Behavioral finance has documented a wide range of stylized actions of investors, like loss aversion, regret aversion, overtrading, overconfidence, home bias and so on.
The Nobel Prize Richard Thaler have documented the tendency of the investor of overreacting to large economic events.
Financial advisors have long advised their clients to stay calm during any passing financial storm in their portfolios. Despite this, a percentage of investors tend to ‘freak out’ and sell off a large portion of their assets in certain adverse market environments. This situation is often discussed in the financial press and media, but is rarely defined or quantified.
Daniel Elkind and coworkers have brilliantly contributed to the behavioral finance literature with their research “When Do Investors Freak Out? Machine Learning Predictions of Panic Selling“, published in August 2021.
The authors have developed a method to identify panic selling and apply it to a novel large dataset of brokerage account information from 2003 to 2015 to examine panic selling and ‘freakout’ behavior.
They analyzed the investment activity of 653,455 individual brokerage accounts belonging to 298,556 households spanning the period 2003-2015.
They defined “freaking out” as occurring after a portfolio value decline of 90 percent in one month and the investor selling half of the portfolio within that month.
They defined re-entering the market as occurring when the portfolio recovered to 50% of its pre-liquidation value and the investor buys at least half of what was previously sold.
Following is a summary of their findings:
- There were 36,374 panic sells by 26,852 household investors (9% of all households) across a period of 13 years between January 2003 and December 2015.
- While panic sales are infrequent, with only 0.1% of the investors panic selling at any point in time, they occur at up to three times the baseline frequency when there are large negative market movements — a disproportionate number of households make panic sales when there are sharp market downturns, the phenomenon of freaking out
- Of households with at least one panic-selling event, 21,706 of them (81%) did so once within the sample period, while 3,081 (11%) did so twice.
- 31% of the investors who panic sold never returned to reinvest in risky assets. However, of those that did buy stocks again, 59% reentered the market within five months and another 13% returned within 10 months.
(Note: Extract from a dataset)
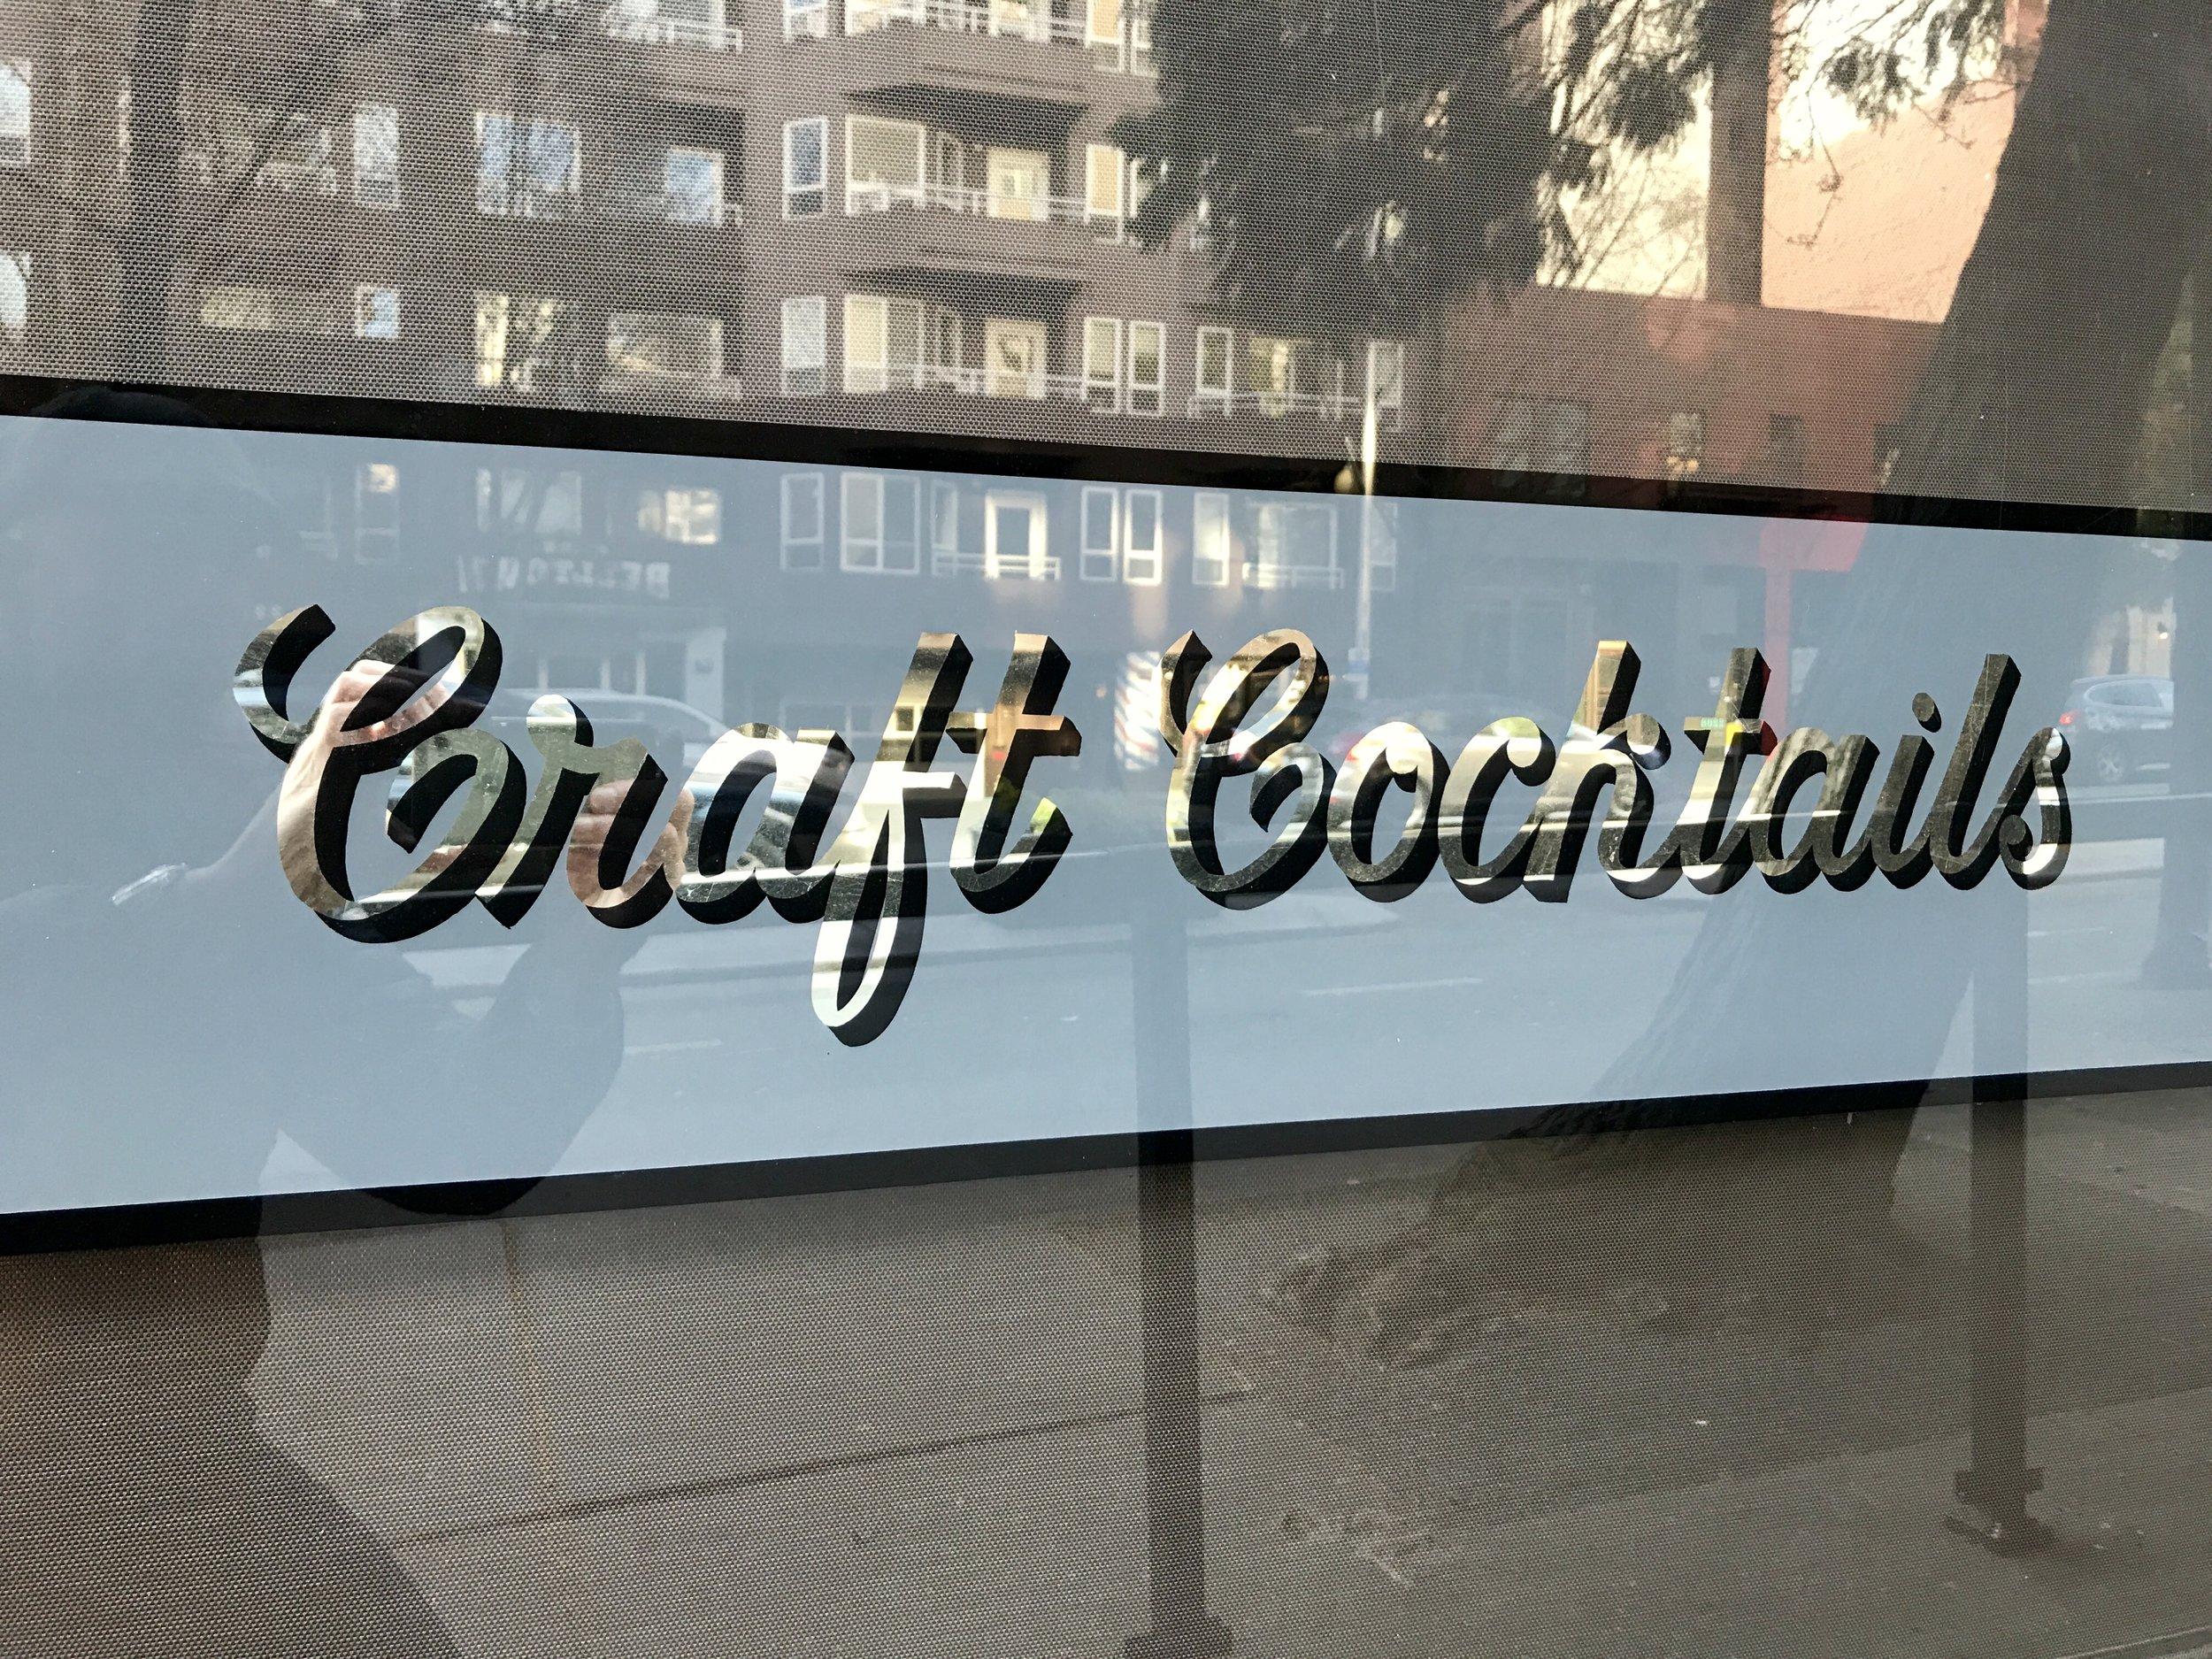 Belltown_Craft Cocktail sign.jpg

- Investors who are male, or above the age of 45, or married, or have more dependents, or who self-identify as having excellent investment experience or knowledge tended to freak out with greater frequency. Whilst, the three occupational groups with the least risk of panic selling are ‘paralegal’, ‘minor’ and ‘social worker’.
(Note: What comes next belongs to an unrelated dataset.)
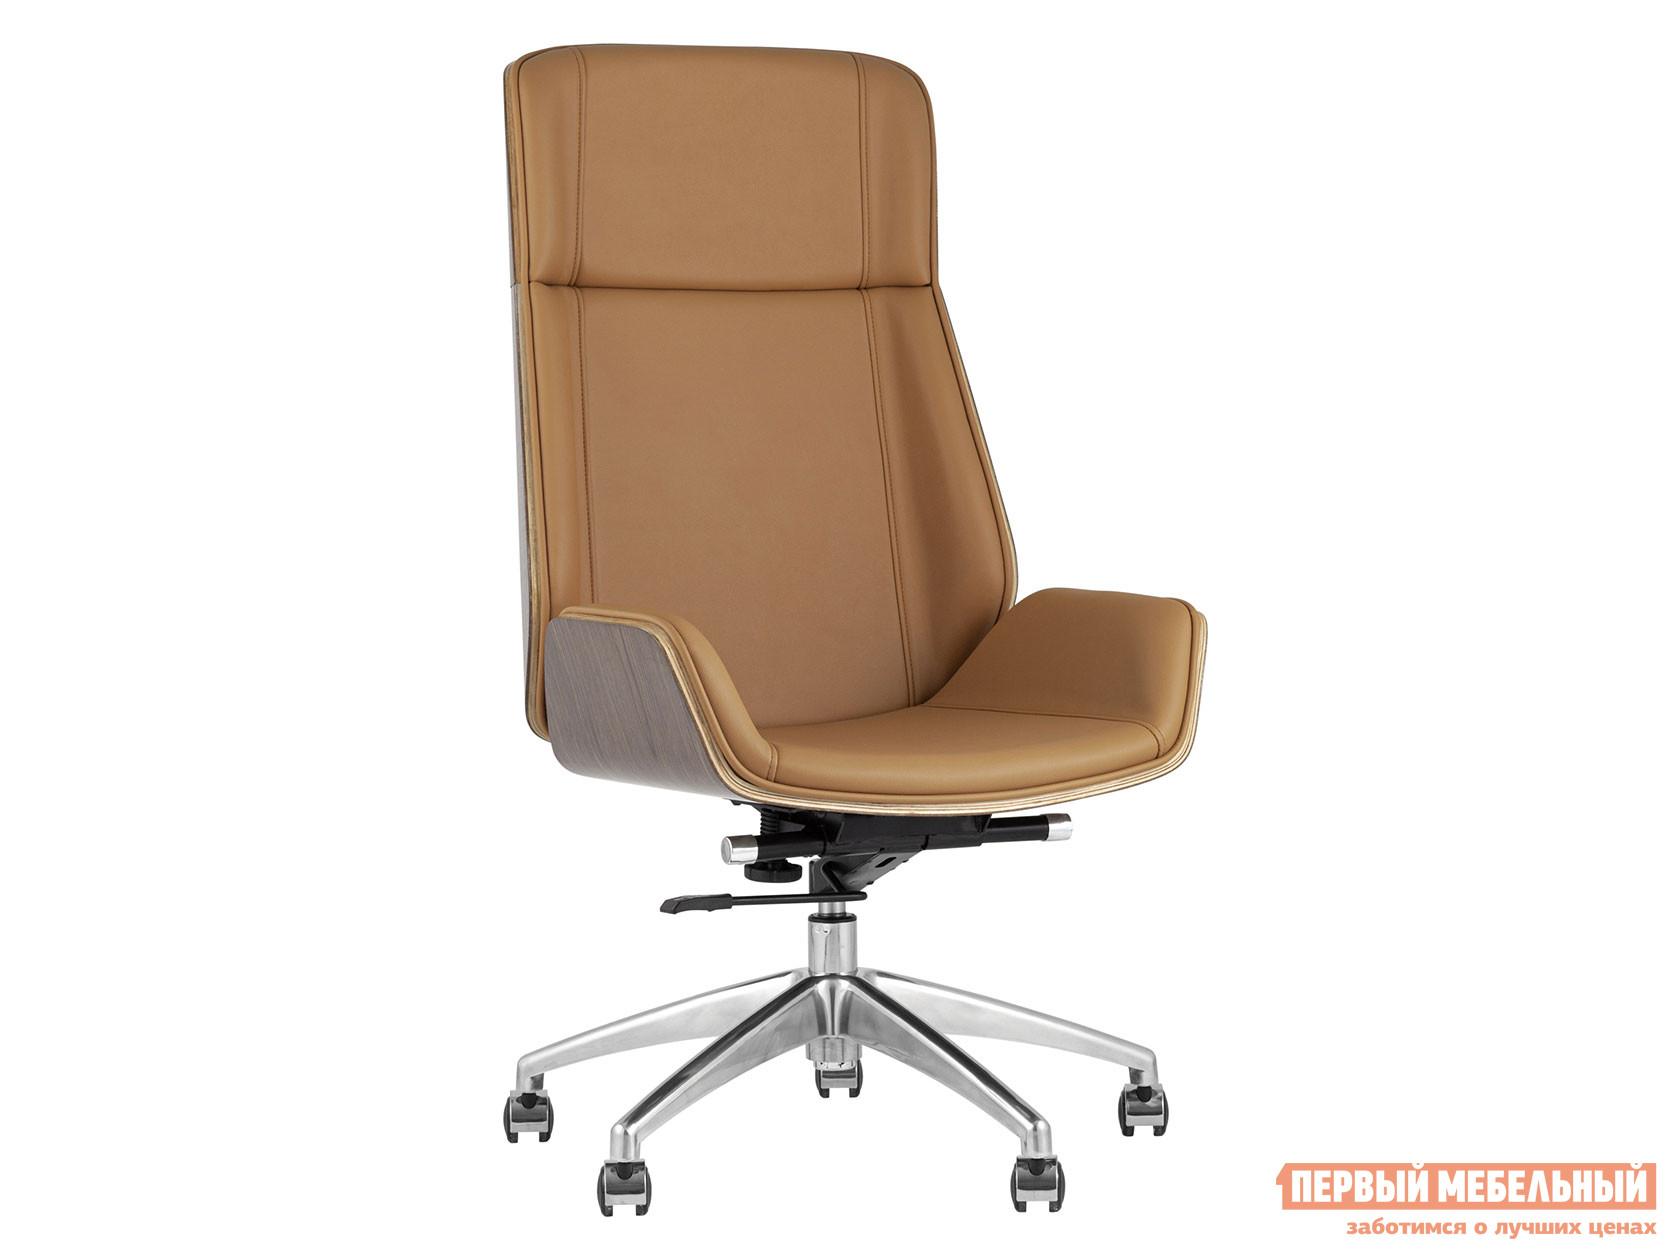 Кресло руководителя Stool Group Кресло руководителя TopChairs Crown

- The occupational groups with the three highest risks of panic selling were self-employed, owners and real estate.
In the chart below you can see the proportion of panic selling (blu bars) in relation to changes in S&P 500 (green line).
Elkind and coworkers also found that the median investor earned a zero to negative return after freaking out because while freaking out does protect investors during a crisis, such investors often wait too long to reinvest, causing them to miss out on significant profits when markets rebound. For example, an investor who liquidated at the start of the Great Financial Crisis and held out for more than 34 months after liquidation would have missed the post-2009 market rally and forgone potential profits. The bottom line is that freaking out is suboptimal behaviour. Of particular interest was that investors who identified themselves as having excellent investment experience freaked out more than twice as often as those who identified as having no experience — demonstrating that overconfidence is an all-too-human trait.
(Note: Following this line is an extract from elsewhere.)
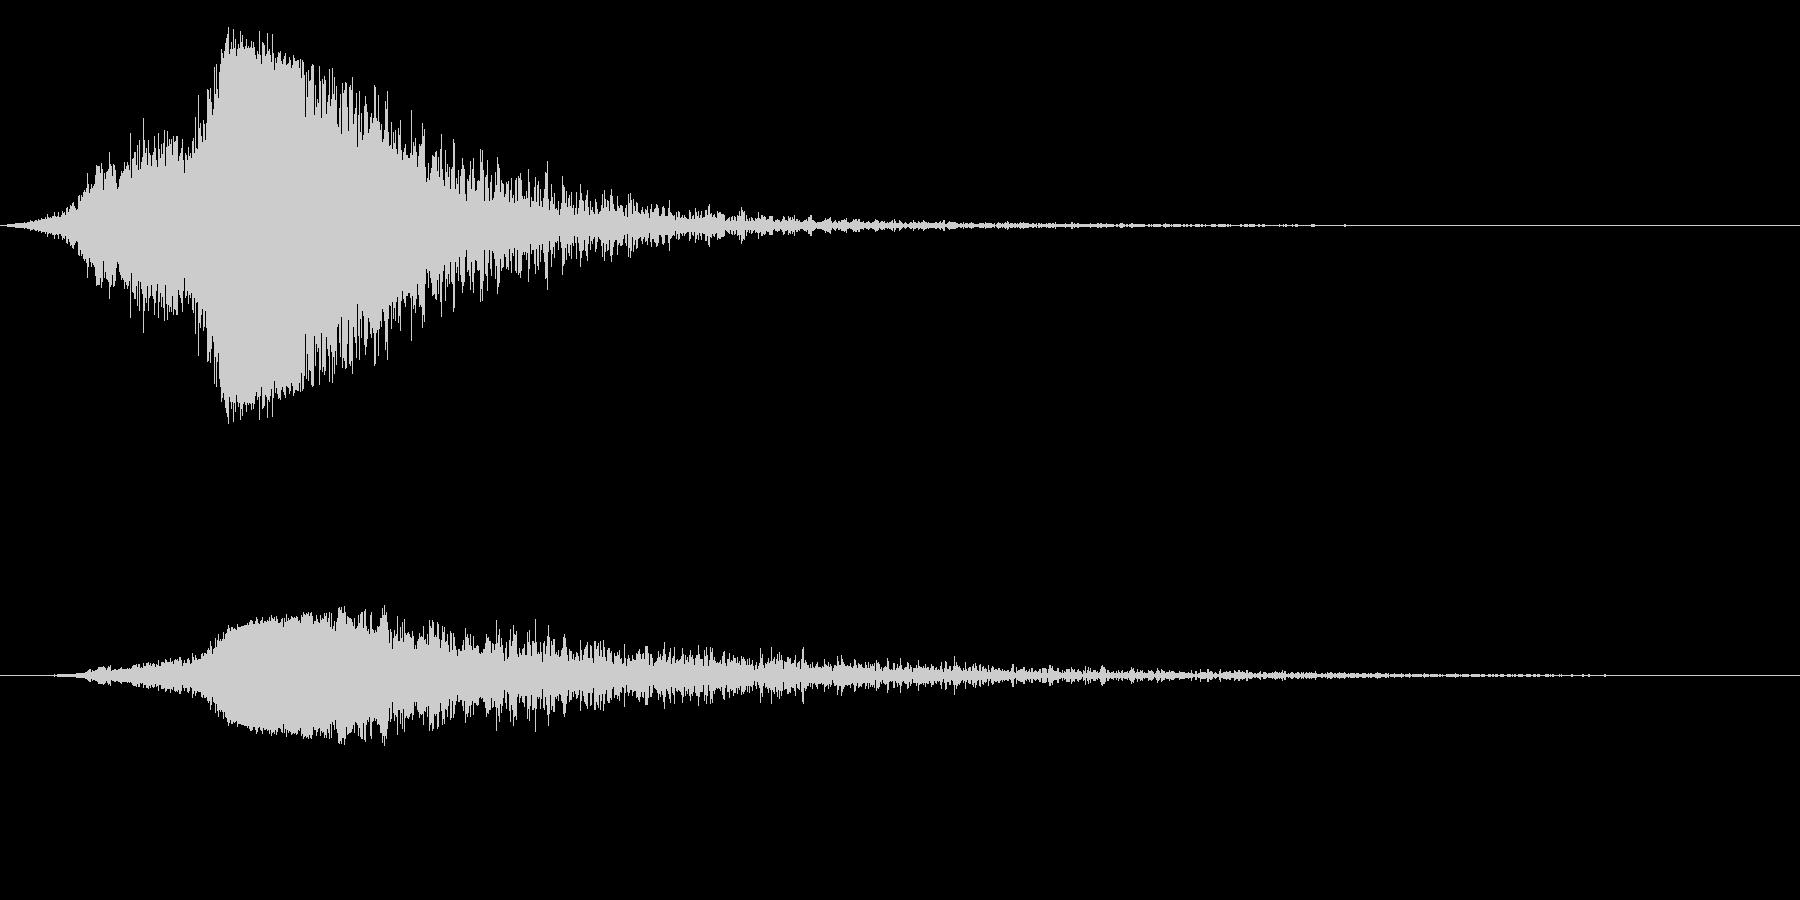 シャキーン!(強烈なインパクト、ロゴ等)の未再生の波形

Elkind, Kaminski, Lo, Siah and Wong also used logistic regression and deep neural network techniques to develop machine learning models to predict when investors might panic sell in the near future. Their set of predictive features included the demographic characteristics of the investor, their portfolio histories, and current and past market conditions. Their best-performing deep neural network achieved a 70% true positive accuracy rate and an 81% true negative accuracy rate, “demonstrating that artificial intelligence techniques can assist in identifying individuals at risk of panic selling in the near future.” Among the most important predictive variables were:
- Being young or elderly decreased the risk of panic selling, as did being disabled or a minor
- Declaring oneself a member of the clergy, an owner or an executive increased the likelihood of panic selling, as did having self-declared excellent investment experience.
- The likelihood of a panic sale increases with the percentage of daily trades made by the investor.
- An investor will be more likely to panic sell if options compose a larger proportion of the entire portfolio.